Taiga soil, what little there is is NOT arable - it was all pushed south by glaciation to form the great plains and the steppes in Russia.
While the temperature may be fine for crops - there will be no suitable soil. Pockets do not make food baskets for the world and it's flat out wrong.
Despite the huge expanse of land in Canada’s north, possible climate warming will not result in large increases in potentially arable land. Much of the land is within the Boreal Shield Ecozone has shallow, rocky, often sandy, acidic and generally infertile soils. There are lands with potential such as the soils of the ‘northern clay belt’9. Silty to clayey glaciolacustrine deposits occur in patches within the Canadian Shield from Saskatchewan to Quebec, with a total area of about 10 million hectares, perhaps one-third of that in blocks suitable for agricultural development.

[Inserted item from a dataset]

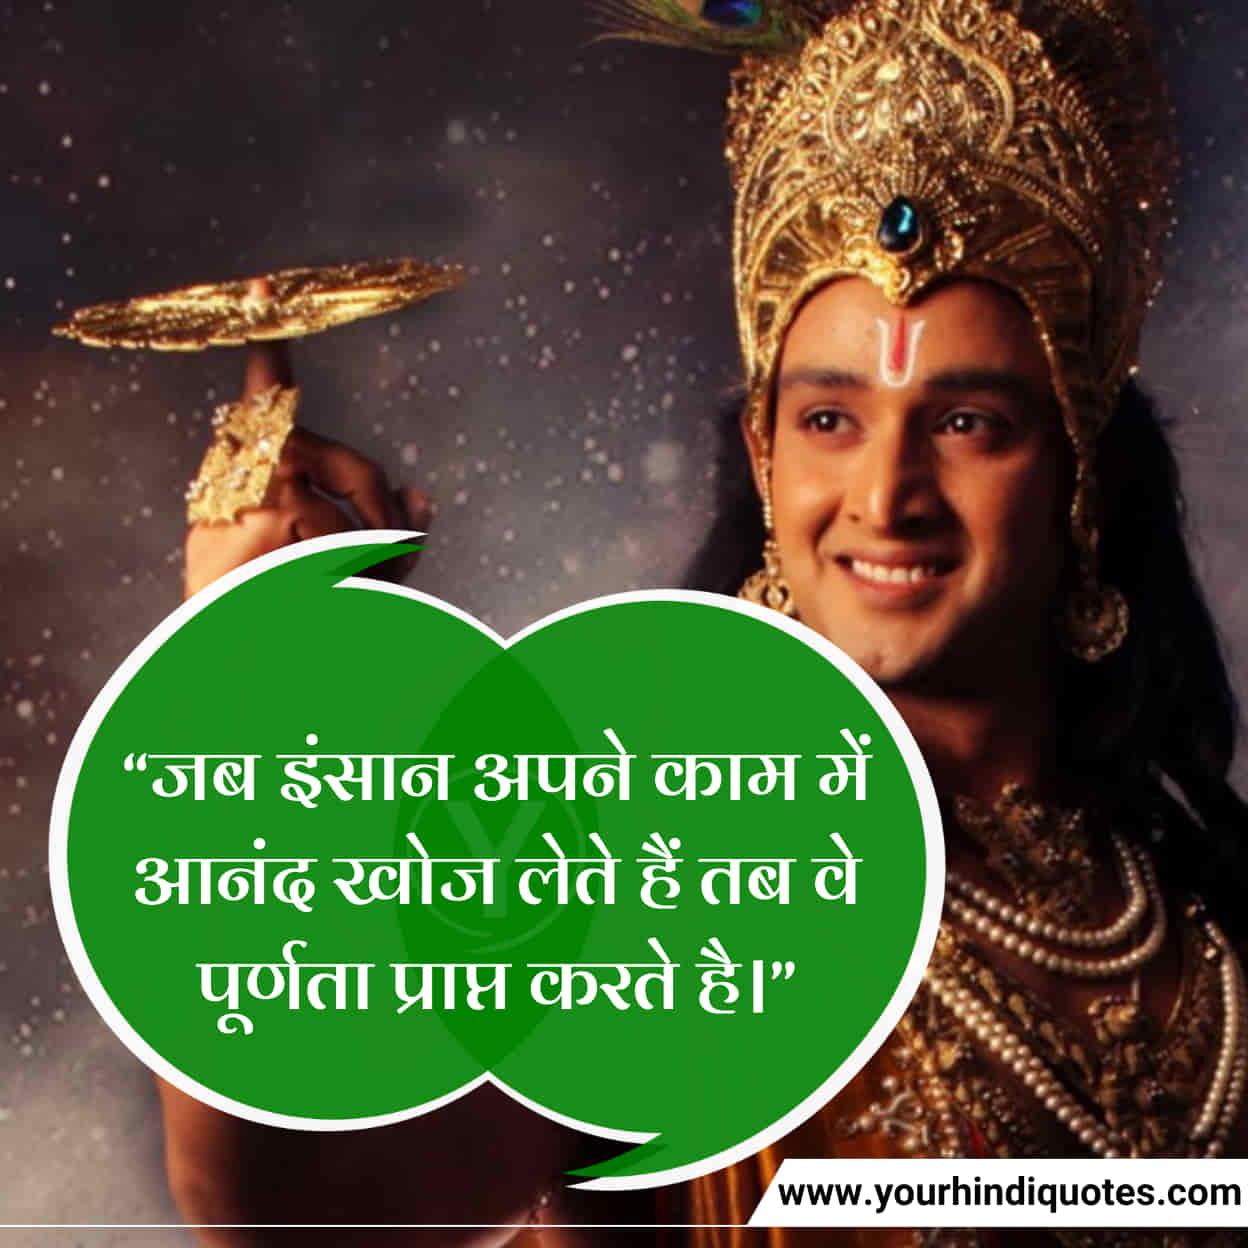 Shrimad Bhagwat Gita Hindi Success Quotes
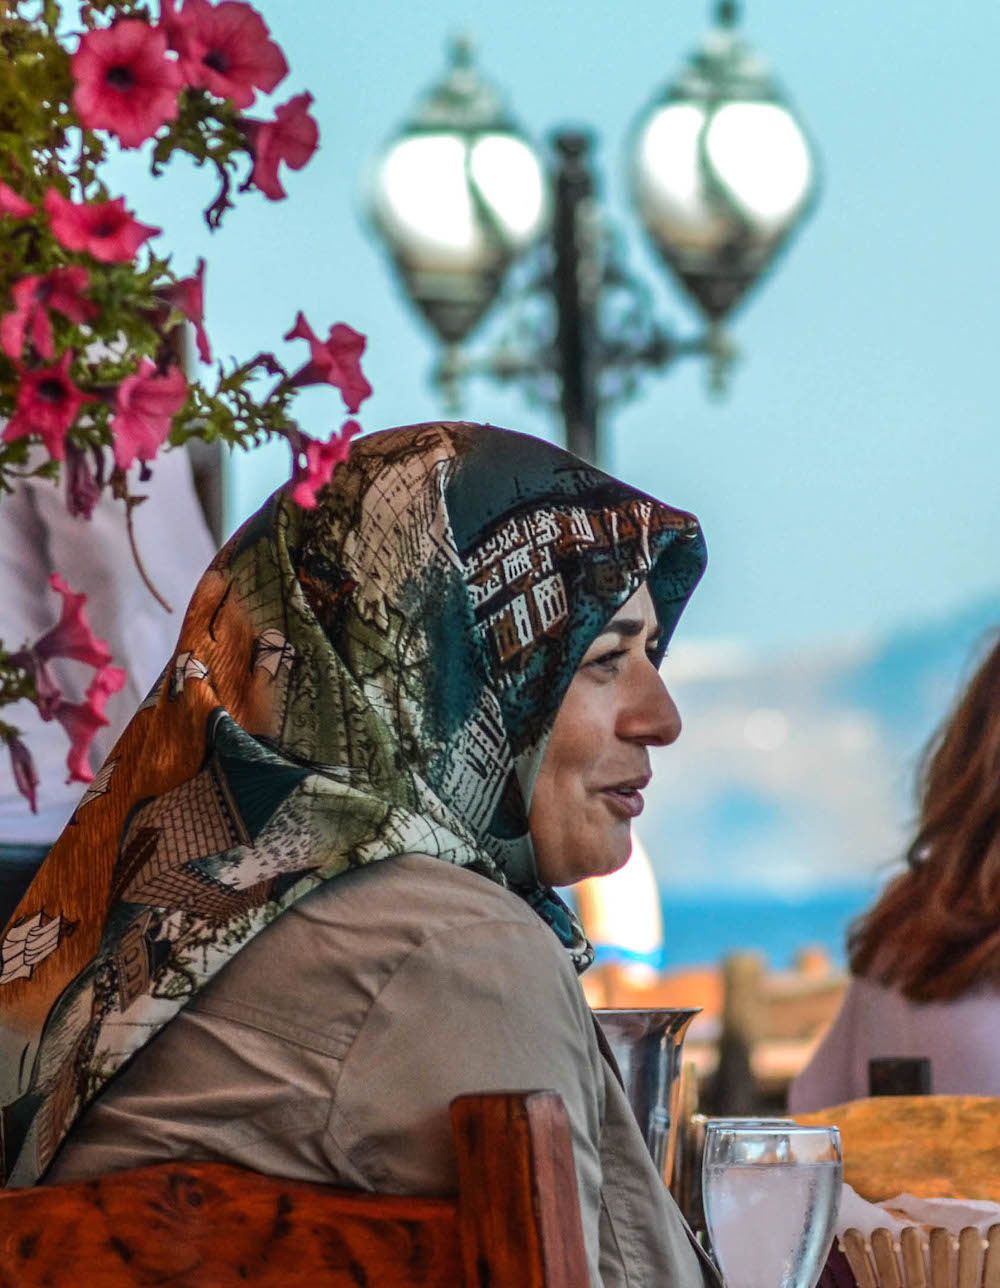 buyukada-island-istanbul-turkey-scarf-buddha-drinks-fanta

so at most 3 million hectares of our total 52 million.
http://www.prairiesoilsandcrops.ca/arti ... icle_1.pdf
and the same will apply to Russia those the big river valleys that flow north will help a bit.
It will not come even close to offsetting the desertification in marginal water lands all over the globe and the loss of incredibly fertile lands south of the Himalayas - some of which is already subject to salt water incursion into the water table.